Humans, on the other hand, are not that predictable. They are complex and work through highly interdependent system of dynamical interactions (e.g. relationships, sleep, mood, health, etc.). For a quick primer on the difference between humans and machines in terms of unpredictability, try asking the same question few times in a single day to your significant other.
In order for us to survive and thrive through treacherous terrain of jungles (modern life), nature has gifted us with inbuilt fail-safe mechanism to prevent excessive wear and tear. These fail safe mechanisms are sleep, food, rest, relationships, community and social capital.
When we mindlessly apply optimization principles of mechanical world to humans, sleep, relationships, rest, and social capital are the first causalities. How many times have you found missing sleep or have foregone tending to your relationships in the name of work, efficiency and productivity?
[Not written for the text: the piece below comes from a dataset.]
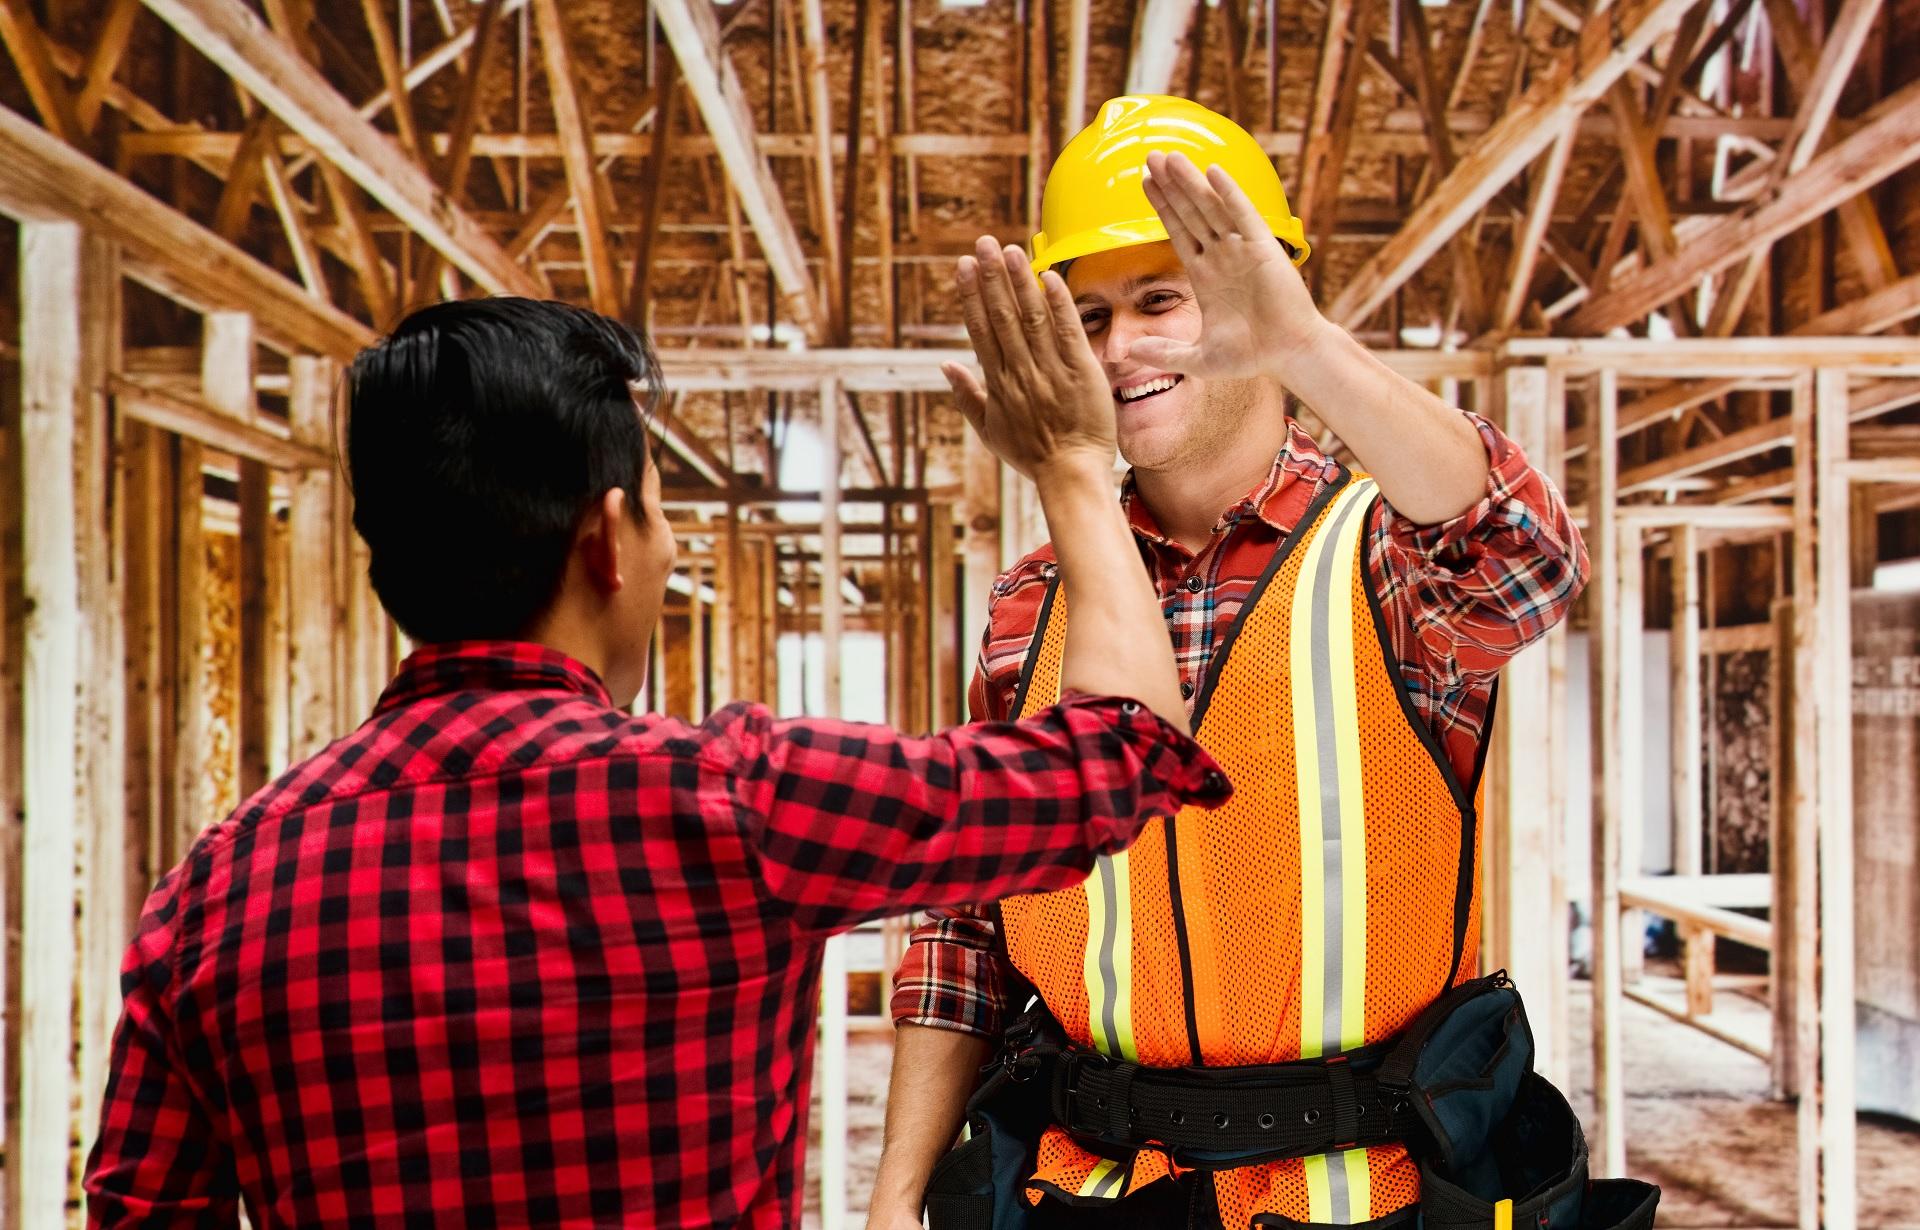 Mannen in de bouw

By following machine-inspired optimization principles, no doubt we can be very efficient in terms of productivity, however, we also start to eat away at things which preserve our sanity. For example, loss of sleep has massive short-term and long term consequences. Overemphasis on financial capital leads to loss of social capital and instigates people to behave in an asocial or even anti-social manner.
Beyond Machines…
Furthermore, a life build upon optimization, efficiency and productivity troika (without considering the role of intangibles in it) is often vulnerable to un-predicted failures (e.g. suicides, mental breakdowns, school shootings, sudden health issues, etc.). It may not be too much of a stretch to think of unprecedented rise of mental health problems, depression, suicides, loneliness, and other life style-related problems in our society as side effects of our desire to over-optimize living (a recent report by Civic Action pegged 1 in every 2 workers in Toronto and its surrounding area to be suffering from mental health issues). Regardless of how we rationalize it, it has staggering personal, financial and social cost.
Nature has taken billions of years to build us with appropriate check and balances and it is rather naïve of us (or smarty-pant) to think that we can get ahead of it just because we can put together complicated machines.
The optimal ways to good living is about focusing adequately on the following:
- Meaningful relationships
- Sleep/intentional rest
- Community engagement
- Meaningful work
- Self-awareness (non-self-centred type awareness)
- Creative autonomy
- Altruistic goals
And understanding the limitation of the following:
- Money
- Ambition
- Mechanical productivity
- Mindless pursuit of self-interest
Once we start to sift through the sound-bytes of current wisdom, we come to realize the ways to stop wasting our lives. That, time-tested ways of living well are as old as our ancestors, these methods have long survivability index. It is the same old stuff: family, friends, adequate resources, community connections, meaningful work, etc.
Rest all is largely a noise created by commercially-inclined humanoids dressed in fine Italian suits, silk and finery.